SUTENT (sunitinib malate) capsules are supplied as printed hard shell capsules containing sunitinib malate equivalent to 12.5 mg, 25 mg, 37.5 mg or 50 mg of sunitinib together with mannitol, croscarmellose sodium, povidone (K-25) and magnesium stearate as inactive ingredients.

The orange gelatin capsule shells contain titanium dioxide and red iron oxide. The caramel gelatin capsule shells contain titanium dioxide, red iron oxide, yellow iron oxide, and black iron oxide. The yellow gelatin capsule shells contain titanium dioxide and yellow iron oxide. The white printing ink contains shellac, propylene glycol, sodium hydroxide, povidone, and titanium dioxide. The black printing ink contains shellac, propylene glycol, potassium hydroxide, and black iron oxide.

12 CLINICAL PHARMACOLOGY

12.1 Mechanism of Action

Sunitinib is a small molecule that inhibits multiple receptor tyrosine kinases (RTKs), some of which are implicated in tumor growth, pathologic angiogenesis, and metastatic progression of cancer. Sunitinib was evaluated for its inhibitory activity against a variety of kinases (>80 kinases) and was identified as an inhibitor of platelet-derived growth factor receptors (PDGFRα and PDGFRβ), vascular endothelial growth factor receptors (VEGFR1, VEGFR2, and VEGFR3), stem cell factor receptor (KIT), Fms-like tyrosine kinase-3 (FLT3), colony stimulating factor receptor Type 1 (CSF-1R), and the glial cell-line derived neurotrophic factor receptor (RET). Sunitinib inhibition of the activity of these RTKs has been demonstrated in biochemical and cellular assays, and inhibition of function has been demonstrated in cell proliferation assays. The primary metabolite exhibits similar potency compared to sunitinib in biochemical and cellular assays.

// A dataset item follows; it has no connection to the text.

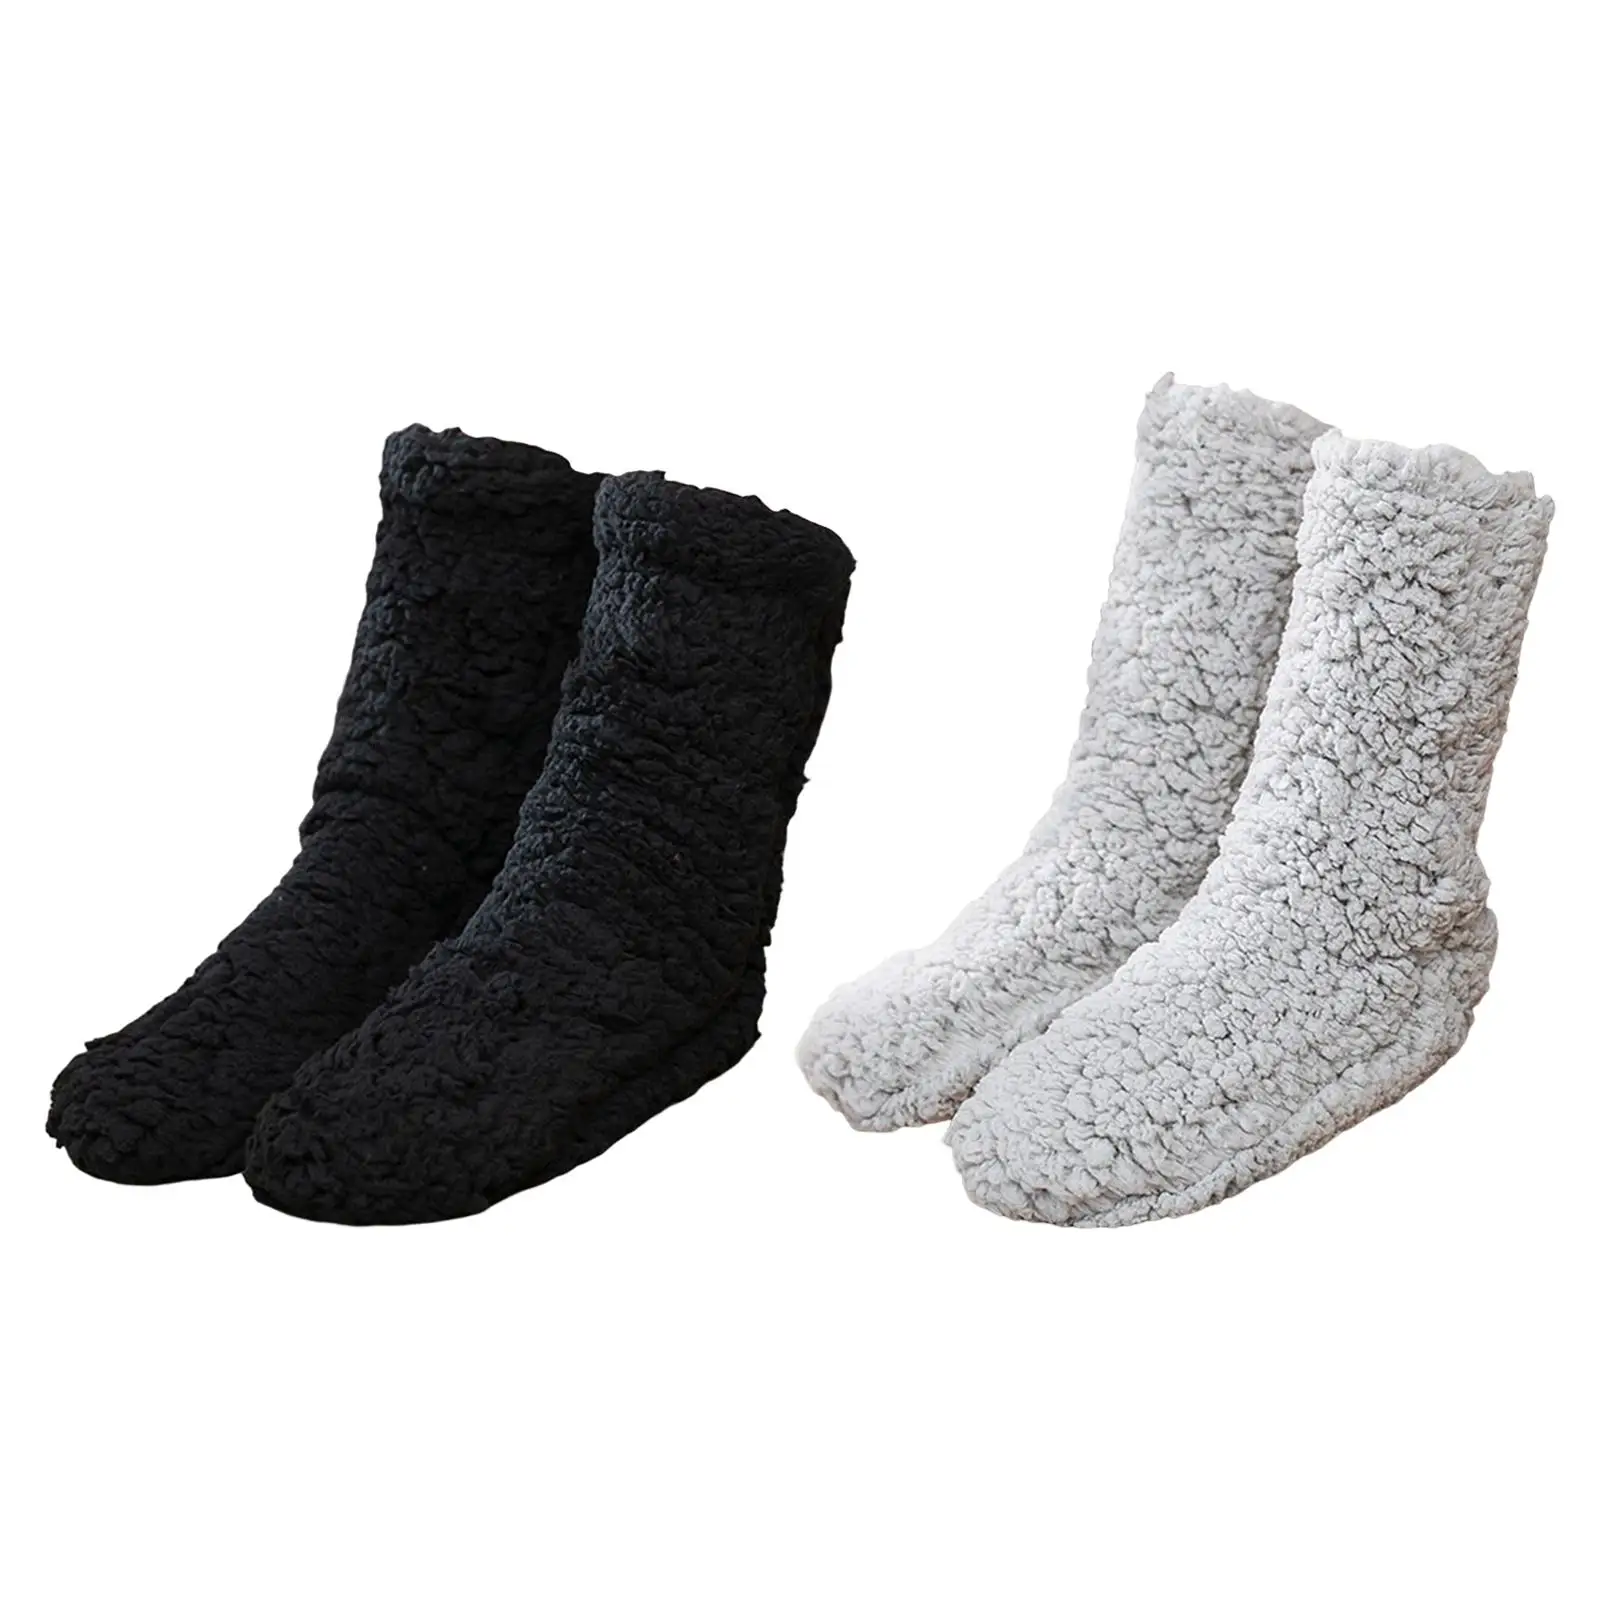 Winter Warm Socks Thermal Socks Indoor Slippers Thicken Soft Comfortable
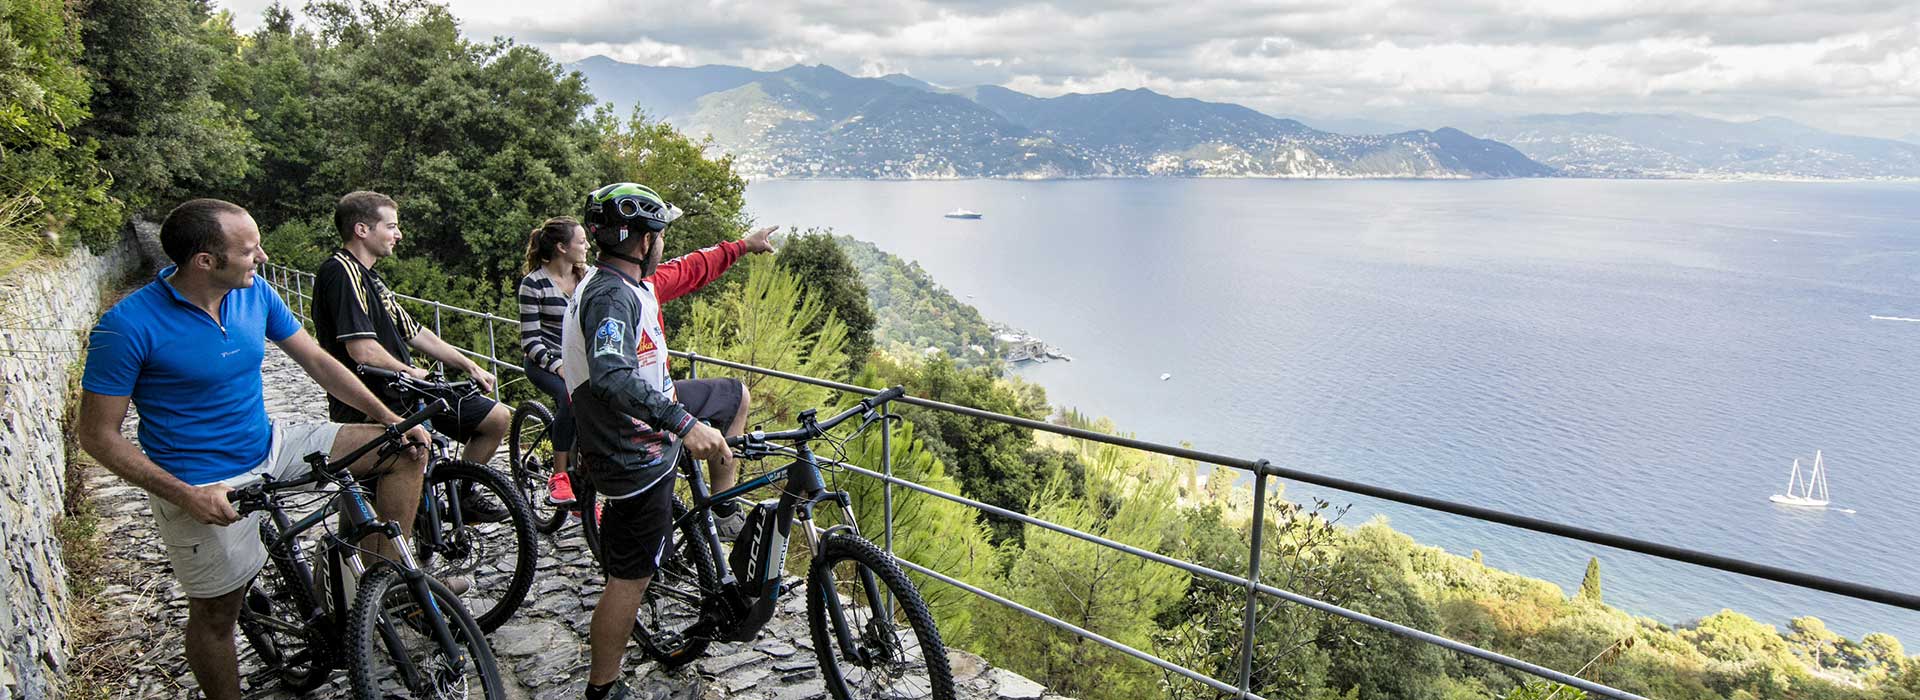 ebike 5 terre liguria italy hiking trekking portofino levanto e-bike bike francesco carocci tours

Sunitinib inhibited the phosphorylation of multiple RTKs (PDGFRβ, VEGFR2, KIT) in tumor xenografts expressing RTK targets in vivo and demonstrated inhibition of tumor growth or tumor regression and/or inhibited metastases in some experimental models of cancer. Sunitinib demonstrated the ability to inhibit growth of tumor cells expressing dysregulated target RTKs (PDGFR, RET, or KIT) in vitro and to inhibit PDGFRβ- and VEGFR2-dependent tumor angiogenesis in vivo.

12.2 Pharmacodynamics

Cardiac Electrophysiology

SUTENT can cause QT interval prolongation in a dose-dependent manner, which may lead to an increased risk for ventricular arrhythmias including Torsade de Pointes [see Warnings and Precautions (5.3)].

12.3 Pharmacokinetics

The pharmacokinetics of sunitinib and sunitinib malate have been evaluated in healthy volunteers and in patients with solid tumors.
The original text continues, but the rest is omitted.